**Brief:** Copy exactly the lines from the one containing "HELUKABEL JZ-500 HMH" through the last line of the records below, including both, and leave out any pictures.

**Exercise materials:**

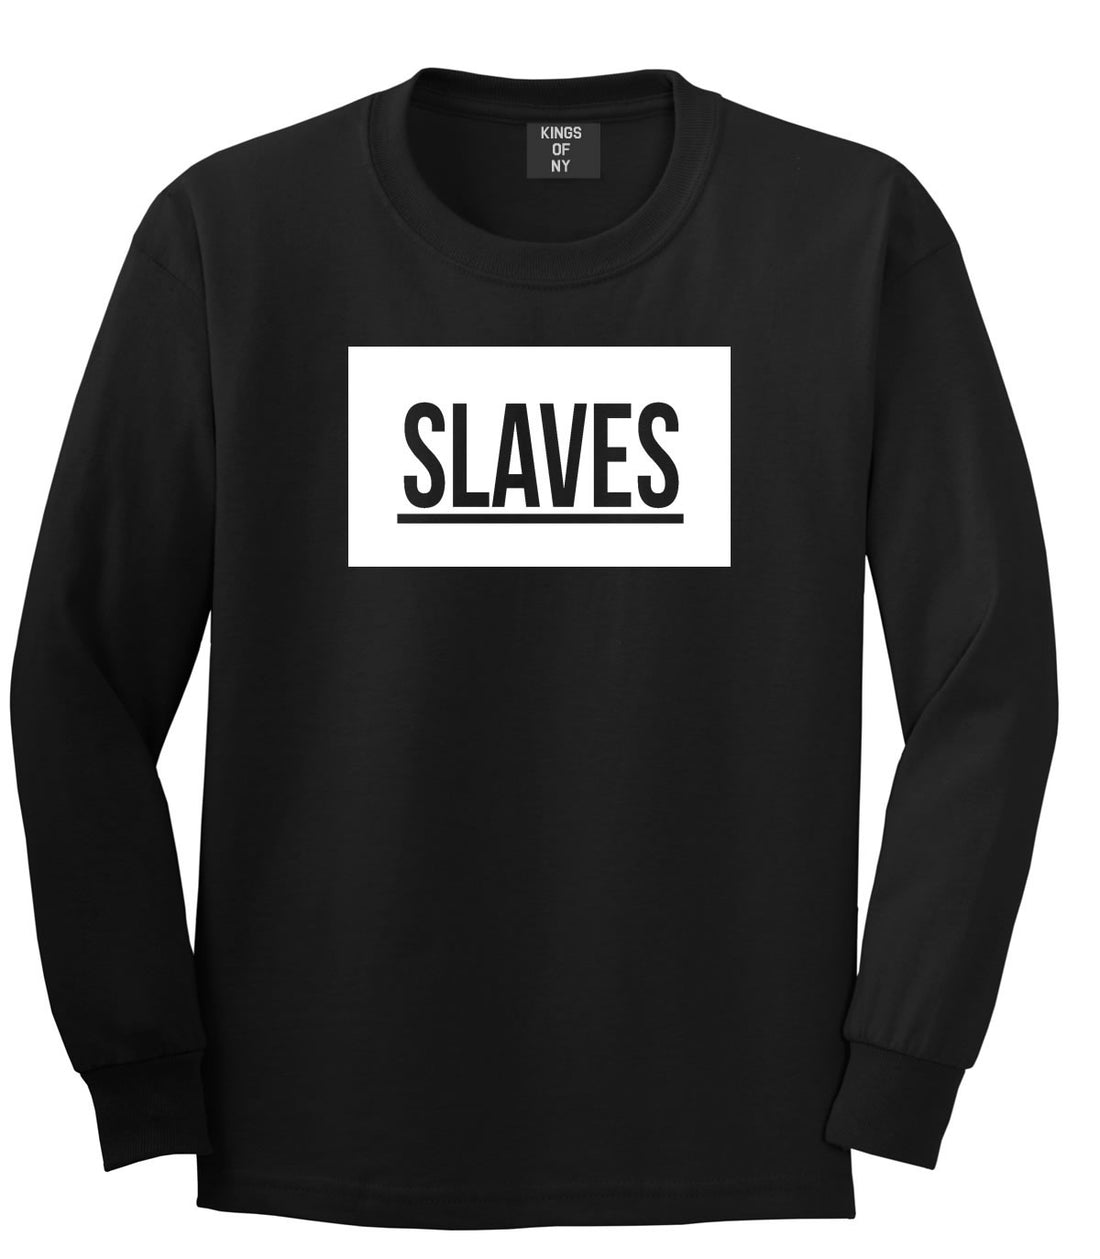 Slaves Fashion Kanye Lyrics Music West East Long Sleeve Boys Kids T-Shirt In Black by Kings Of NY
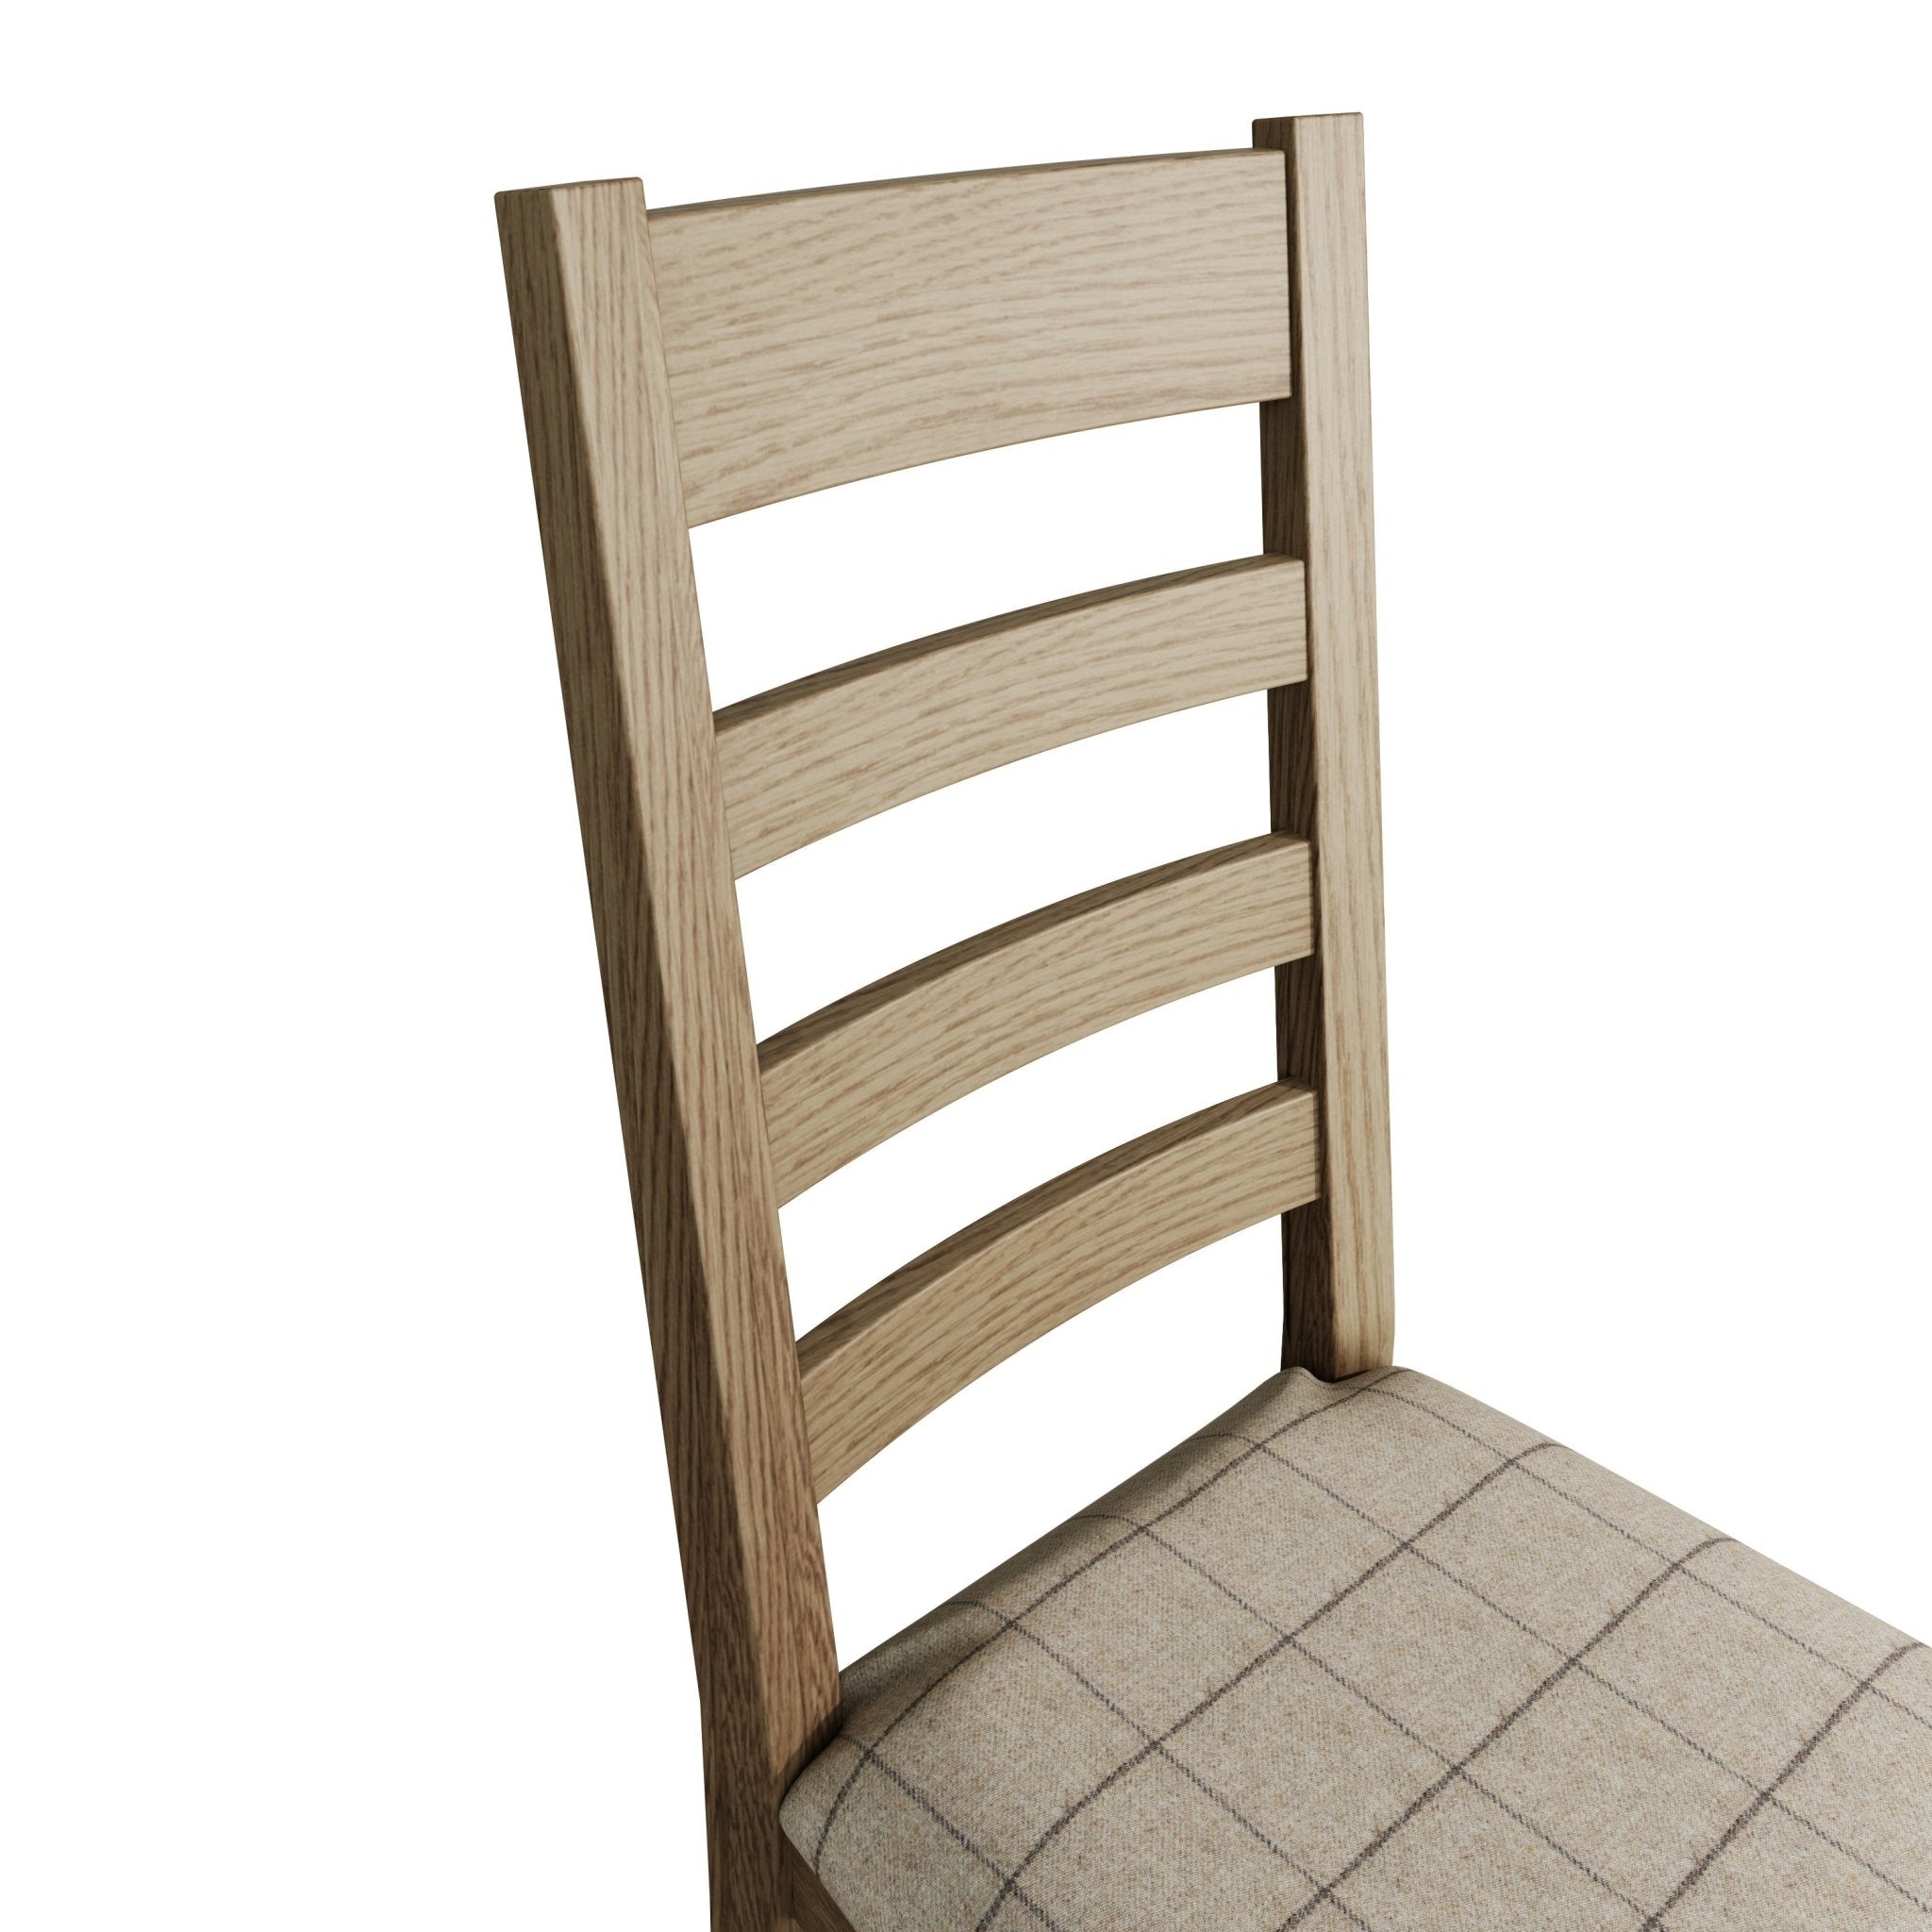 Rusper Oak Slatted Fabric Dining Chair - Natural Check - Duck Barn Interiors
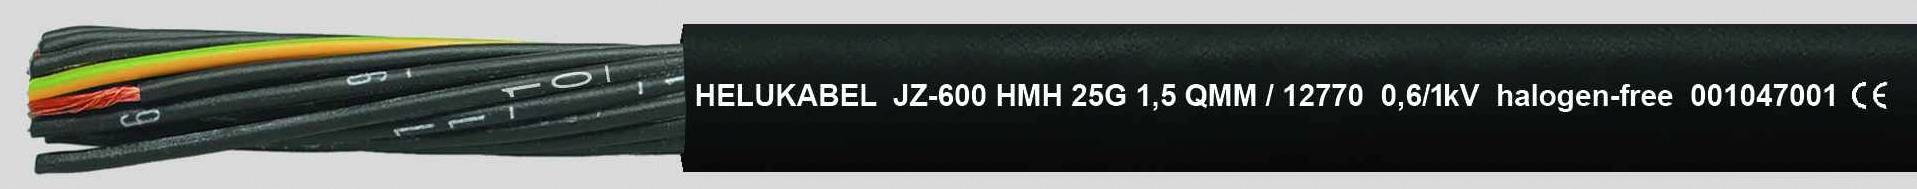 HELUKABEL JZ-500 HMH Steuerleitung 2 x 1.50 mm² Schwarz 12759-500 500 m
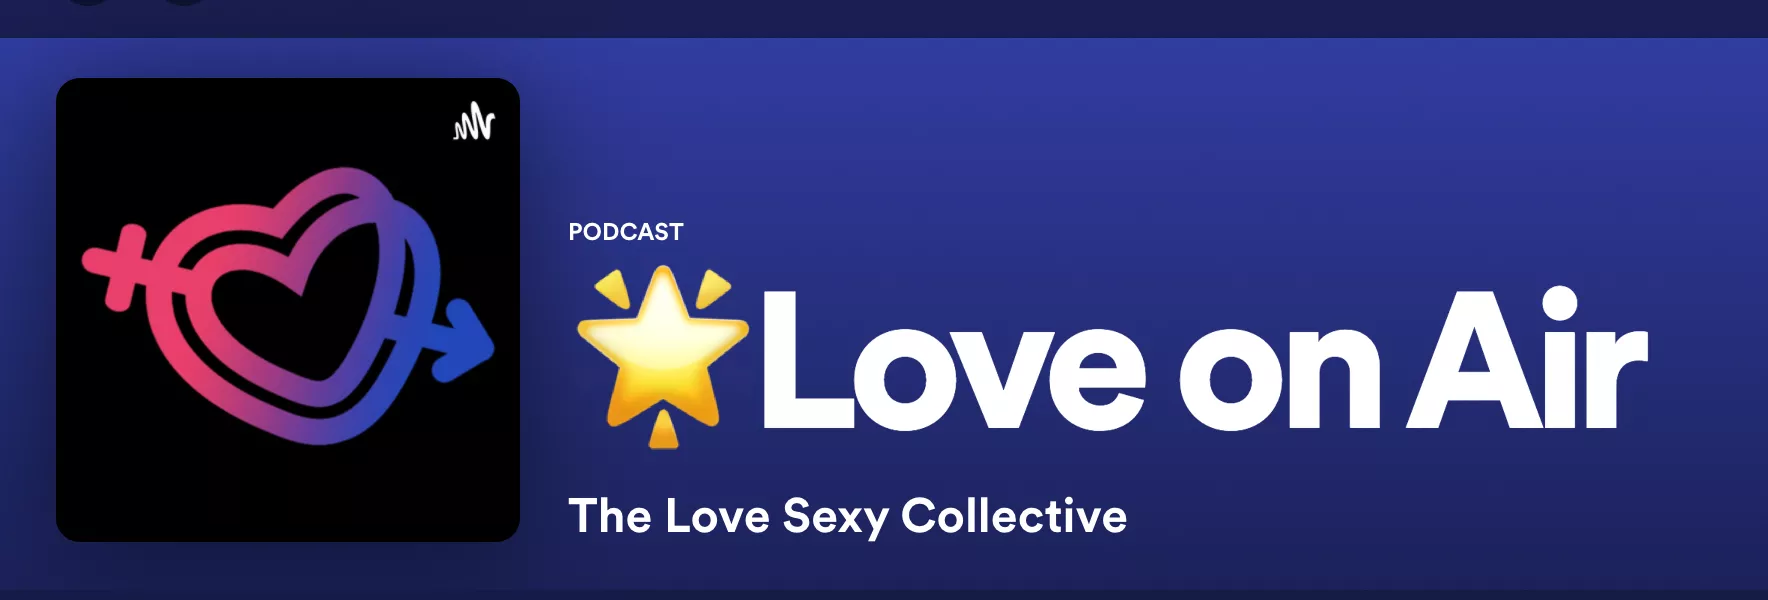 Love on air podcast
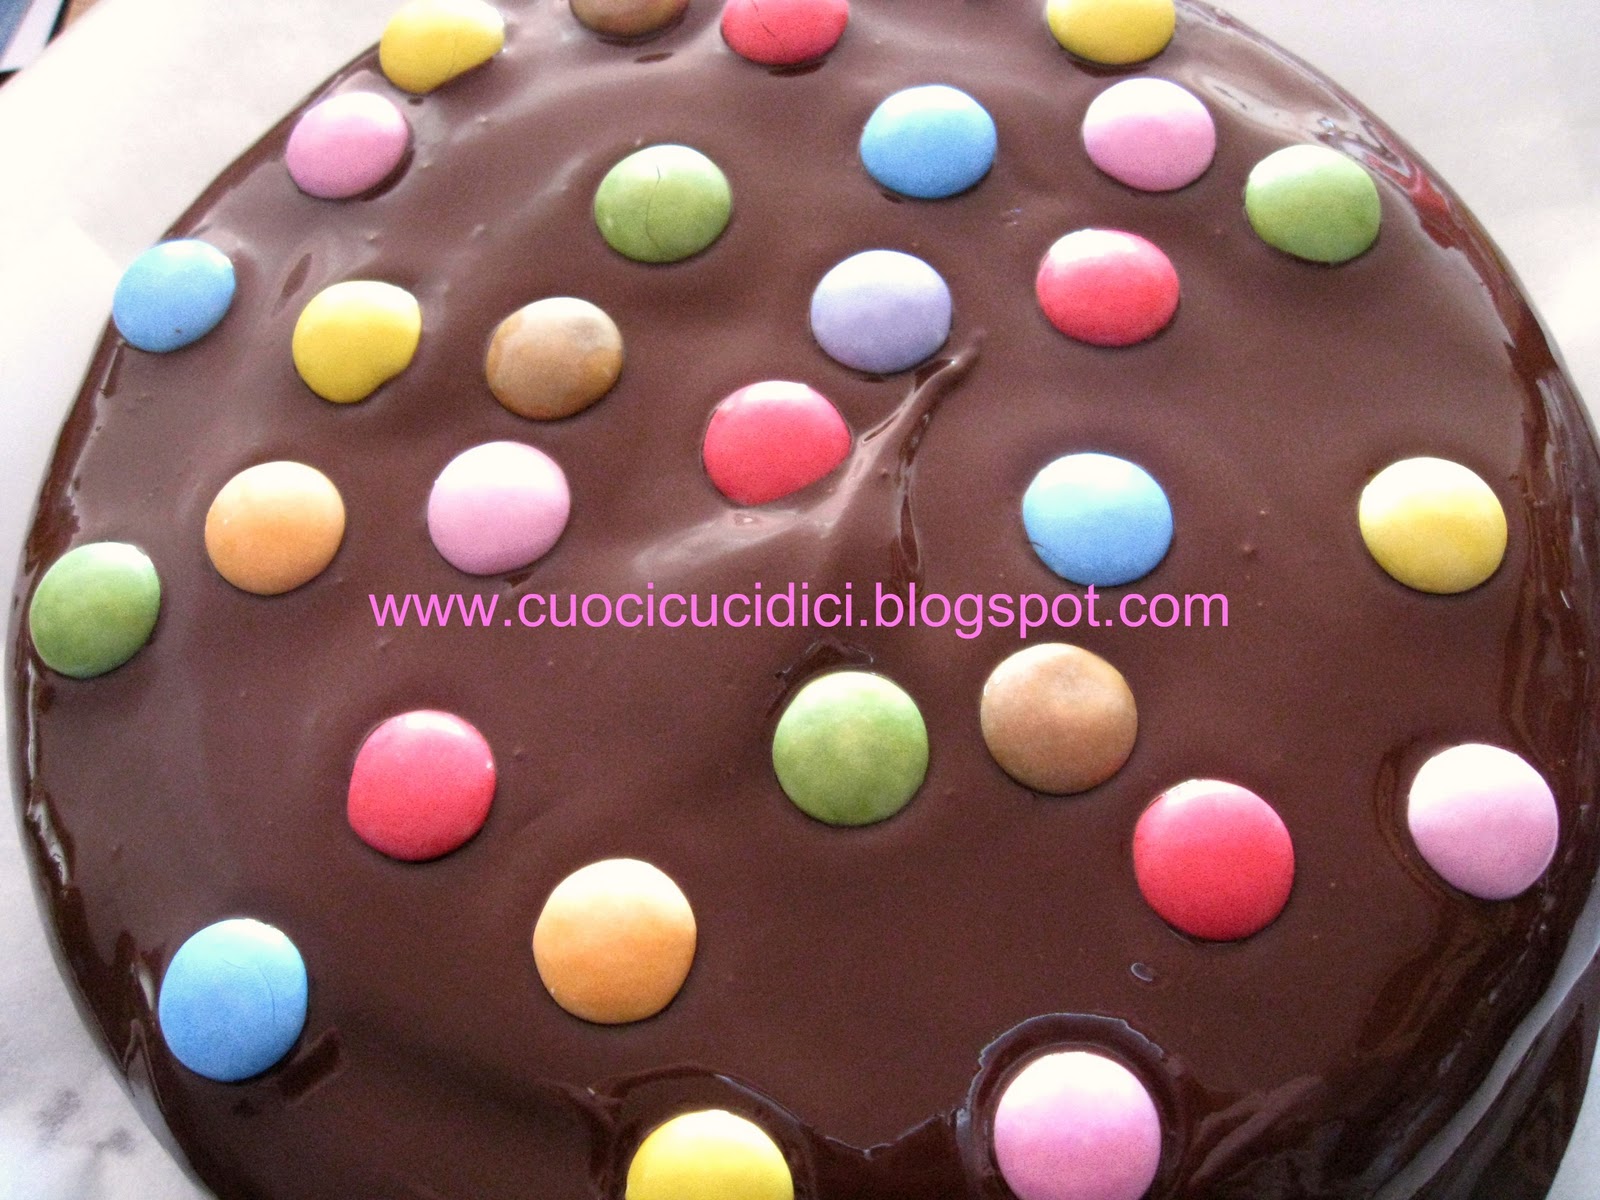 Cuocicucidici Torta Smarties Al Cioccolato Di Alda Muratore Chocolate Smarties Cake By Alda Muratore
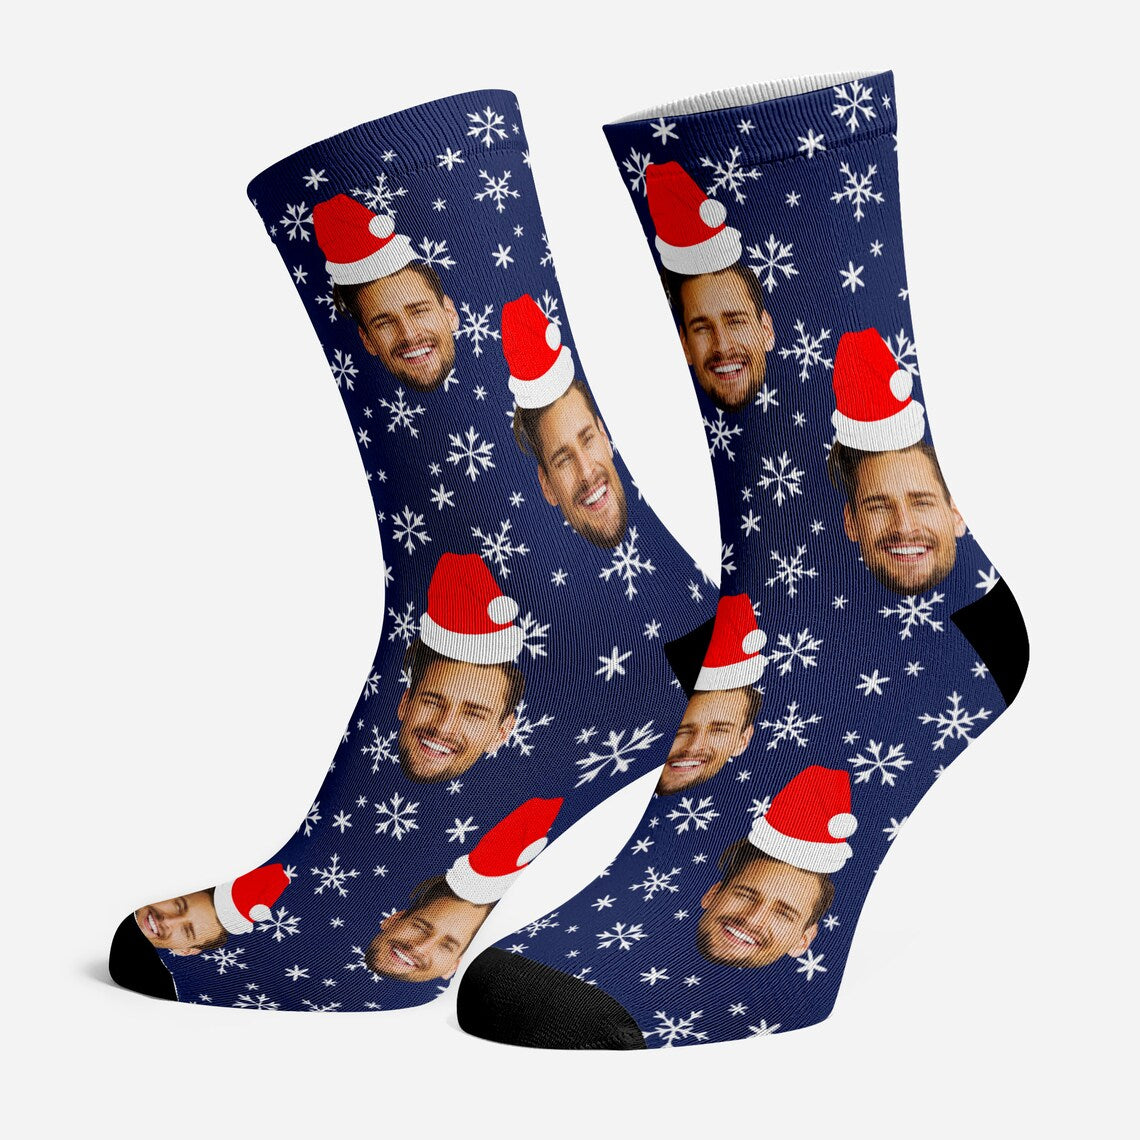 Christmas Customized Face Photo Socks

**Exercise solution:**
 HELUKABEL JZ-500 HMH Steuerleitung 2 x 1.50 mm² Schwarz 12759-500 500 m
 Love on air podcast
 Cuocicucidici Torta Smarties Al Cioccolato Di Alda Muratore Chocolate Smarties Cake By Alda Muratore
 Christmas Customized Face Photo Socks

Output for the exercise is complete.